Emperor Hadrian (the one who built the wall to keep the Scots out) persecuted Christians. One Christian - Aristides of Athens - wrote to the emperor in defense of his brothers and sisters.

It's interesting to see what he picks out as their distinctives. In his words, the divine life in them, leads them mainly to incredible self-sacrifice.
“The Christians know and trust the True God. They placate those who oppress them and make them their friends and they do good to their enemies. Their wives are pure, and their daughters modest. Their men abstain from unlawful marriage and from all impurity. If any of them have slaves they persuade them to become Christians because of the love that these masters have toward them and when they become believers their masters immediately call them brothers without distinction. They love one another. They do not refuse to help widows. If someone is doing violence to an orphan they rescue the child. He who has gives ungrudgingly to him who has not. If they see a stranger they take him to their dwellings and rejoice over him as over a real brother, for they do not call themselves brothers after the flesh but after the Spirit and in God. If anyone among them is poor and needy, and they do not have food to spare they fast for two or three days that they might supply him with the necessary food.
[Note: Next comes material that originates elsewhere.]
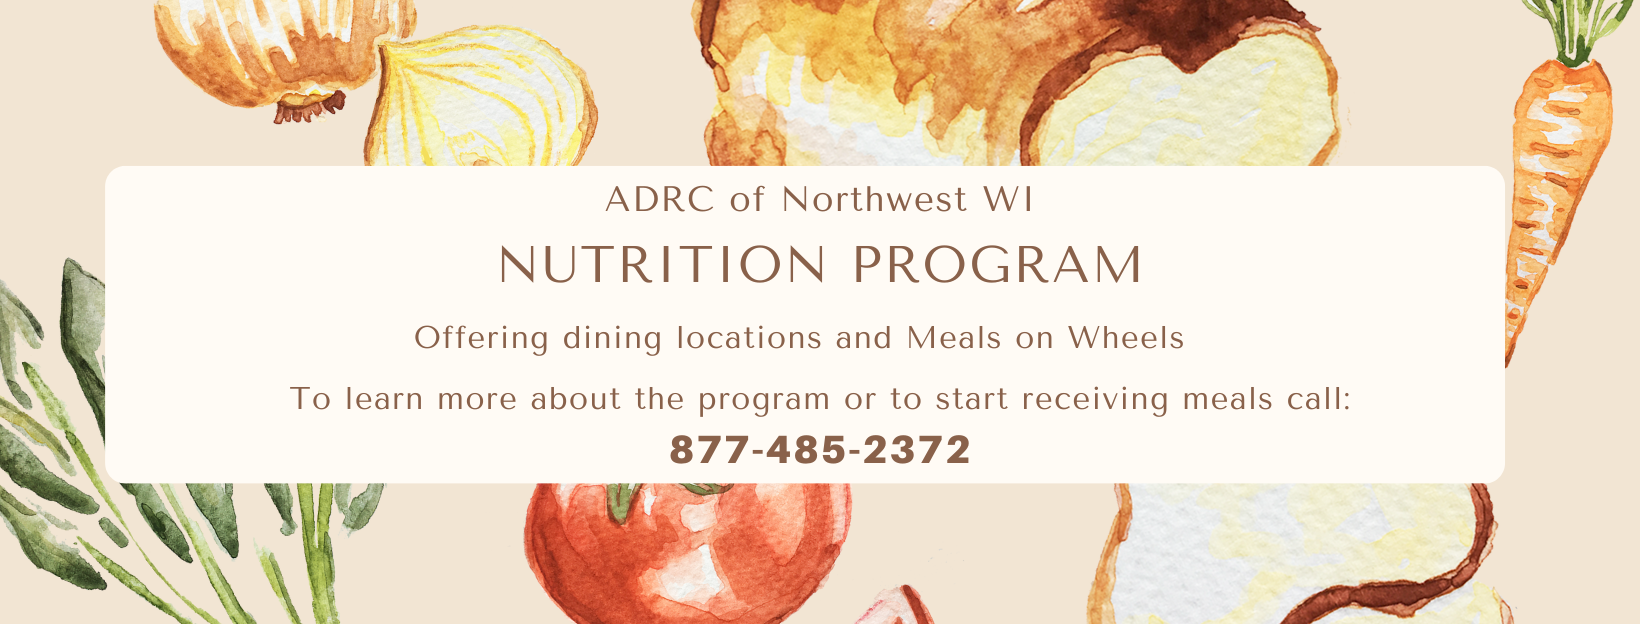 Image links to nutrition program page

They scrupulously obey the commands of their Messiah. Every morning and every hour they thank and praise God for His loving kindness toward them. Because of them there flows forth all the beauty that there is in the world. But the good deeds they do they do not proclaim in the ears of the multitude, but they take care that no one shall perceive them. Thus they labor to become righteous. Truly this is a new people and there is something divine in them.
I fall far short of this, but as Western democracies run out of steam in general, and money in particular, it may well be this kind of service that becomes a more familiar part of a Christian's daily discipleship.